Share

Fed: The good, the bad and the ugly of postponing the rate hike

The postponement of the Fed's rate hike sends three signals: 1) the good thing is the invigorating effect on the international context; 2) the bad thing is the reduction for the Eurozone of the positive effects of Qe; 3) the bad news is the risk that the postponement could lead the Fed to tolerate a recovery in inflation and a new widening of external imbalances in the future

Fed: The good, the bad and the ugly of postponing the rate hike

Finally the mountain gave birth to the little mouse. The long-heralded hike in the interest rate on Fed Funds – taken to virtually zero (0-0,25% range) since the beginning of the crisis – which the Fed had promised to seal the return to normality of monetary management was further postponed. This FOMC decision seems reasonable especially given the fears aroused in recent months by the marked cooling of emerging economies, which is also involving China. In fact, the gradual reduction (until they ceased) of the purchases of securities by the Fed to return from the phase of Quantitative Easing (QE), the so-called Tapering implemented since the beginning of 2014 had already produced growing fragility in capital flows to emerging countries. And these fragilities would worsen with the increase in the rate on the Fed Funds.

However, obviously, the Fed's choices look at the US macroeconomic situation even before the global one. Therefore, the decision to hesitate further gives us signals on the expected situation of the American economy as well as the international one. Overall, it seems to me that there are three signals which, drawing inspiration from the famous film by Sergio Leone, we could define: the good, the bad and the ugly.

The good signal is the one already mentioned for the international context, where the postponement of the rise in US rates will have a toning effect in the coming months. The bad signal is for the Eurozone which will see the positive effects produced by its QE diminish. Not surprisingly, as the markets consolidated the expectation of the postponement, in recent weeks there has been an appreciation of the euro against the dollar. The bad signal is for concerns that the delay in raising rates could lead the Fed to have to tolerate a recovery in inflation and a renewed widening of external imbalances in the future. We will focus on these concerns below.

US GDP growth, albeit with fluctuations, returned to around 3%. And this trend, which until 2010 had produced unsatisfactory results in terms of job creation, has now brought the unemployment rate back to 5%, to values ​​close to those observed before the outbreak of the crisis (fig. 1). .

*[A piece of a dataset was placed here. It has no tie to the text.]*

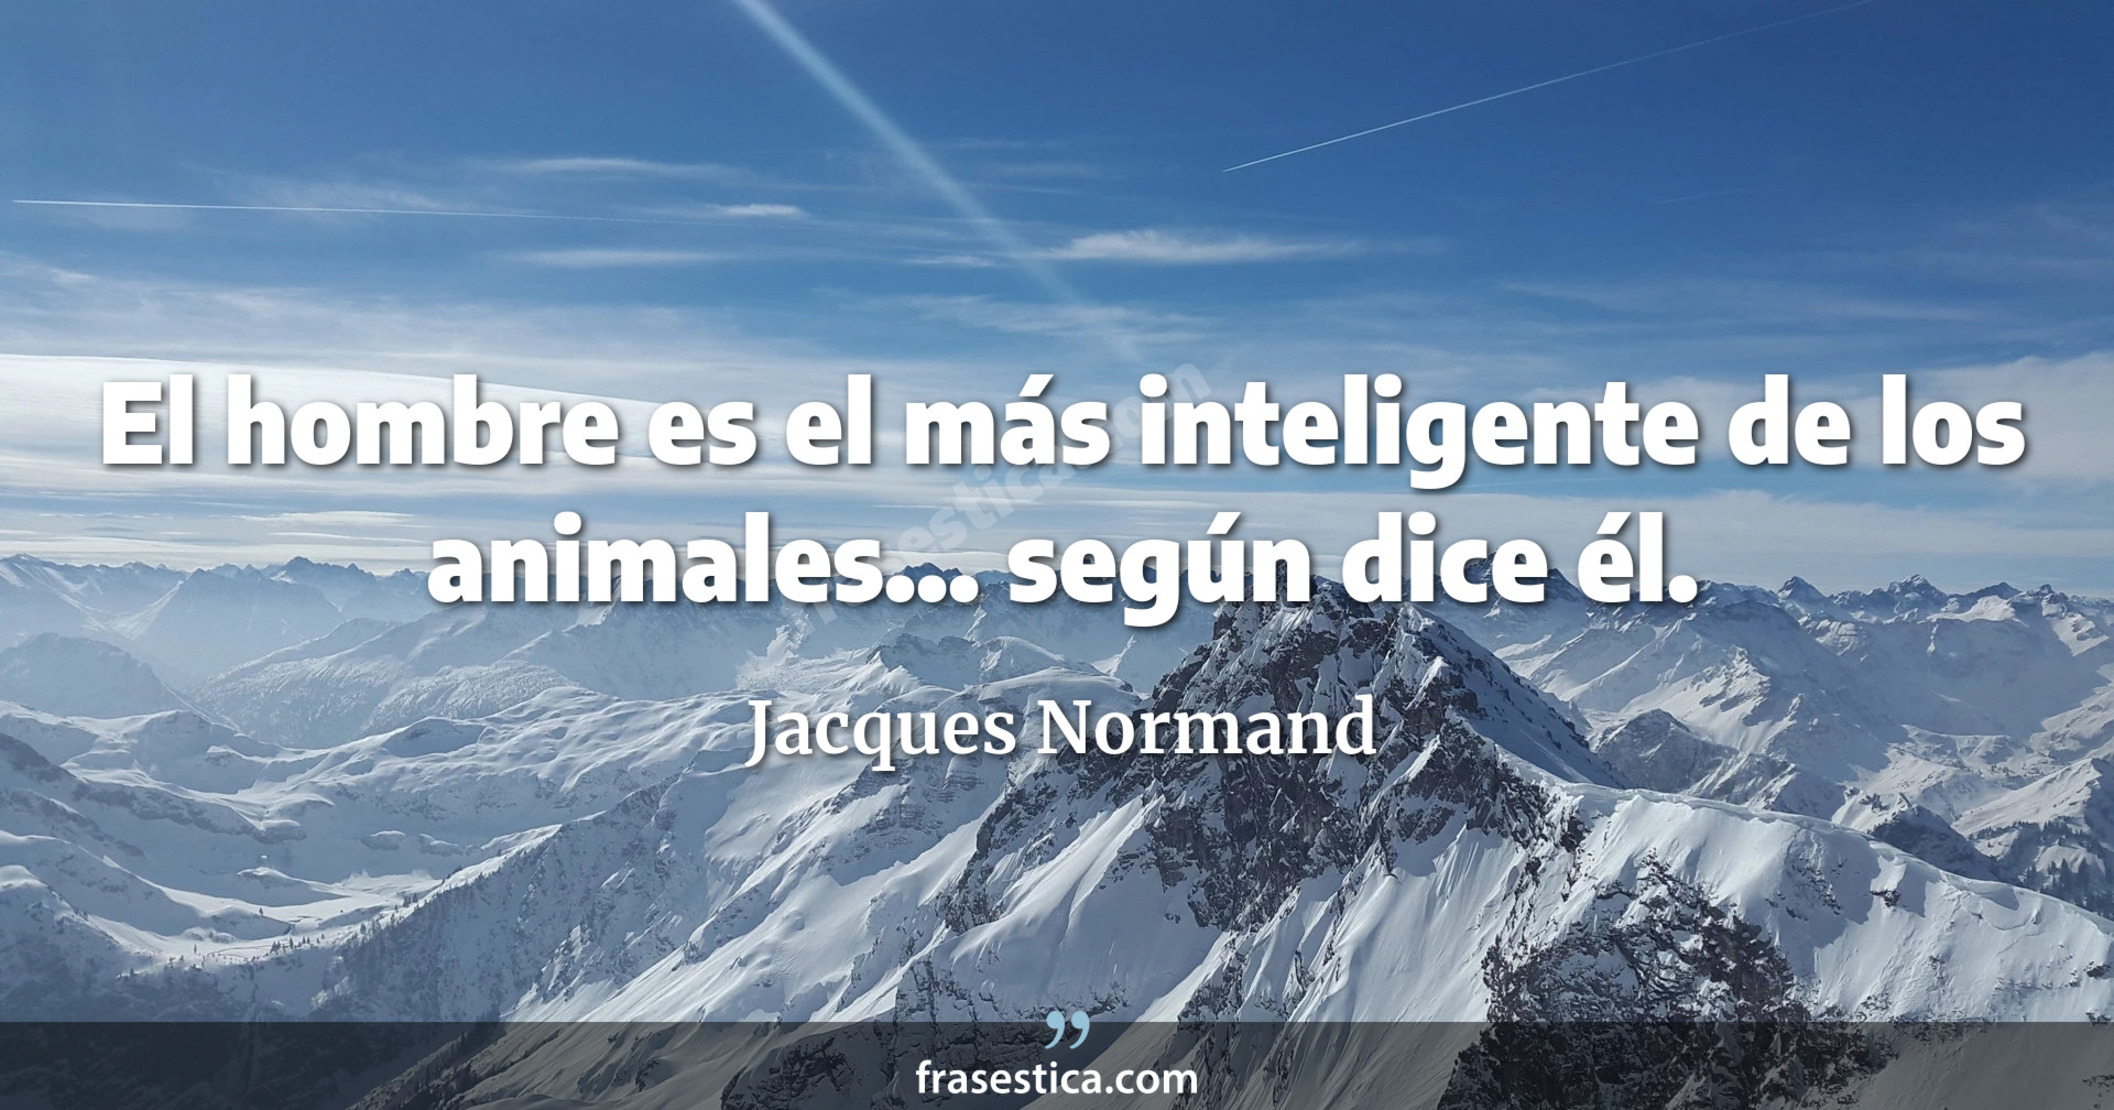 El hombre es el más inteligente de los animales... según dice él. - Jacques Normand

On the inflation front, it is better to look not at actual data but at expectations. In fact, if expectations restart, then actual inflation will also restart because economic operators will incorporate these expectations into contracts. Well, looking at the expected inflation calculated by the Cleveland Federal Reserve (fig. 2) we can see three phases since the beginning of the crisis. From 2007 to 2010, expected inflation halves from 3 to 1,5%. From the end of 2010 to mid-2013 there is a further slight reduction to 1,4%. Since then, expected inflation has risen on average, returning to around 3%. Although abruptly interrupted in late 2014 and early 2015 by the collapse in oil prices (the part highlighted by the oval in the figure), the upward trend then re-emerged.

If inflation really tends to 3%, the Fed should act by raising rates significantly. In fact, what matters for consumption and investment choices is the real interest rate and with interest rates at zero and inflation at 3% there would be a negative real rate of 3%, with potential effects of overheating the economy.

But there is another worrying aspect: the current account deficit. After reaching peaks of over 200 billion per quarter in 2006, the deficit had narrowed to around 80 billion in 2013, but has since returned to growth, exceeding 100 billion. It is true that, in a period in which international demand is lacking, everyone looks with interest at the Americans as "consumers of last resort". However, it must be remembered that the USA is already the largest debtor country in the world. Will it last?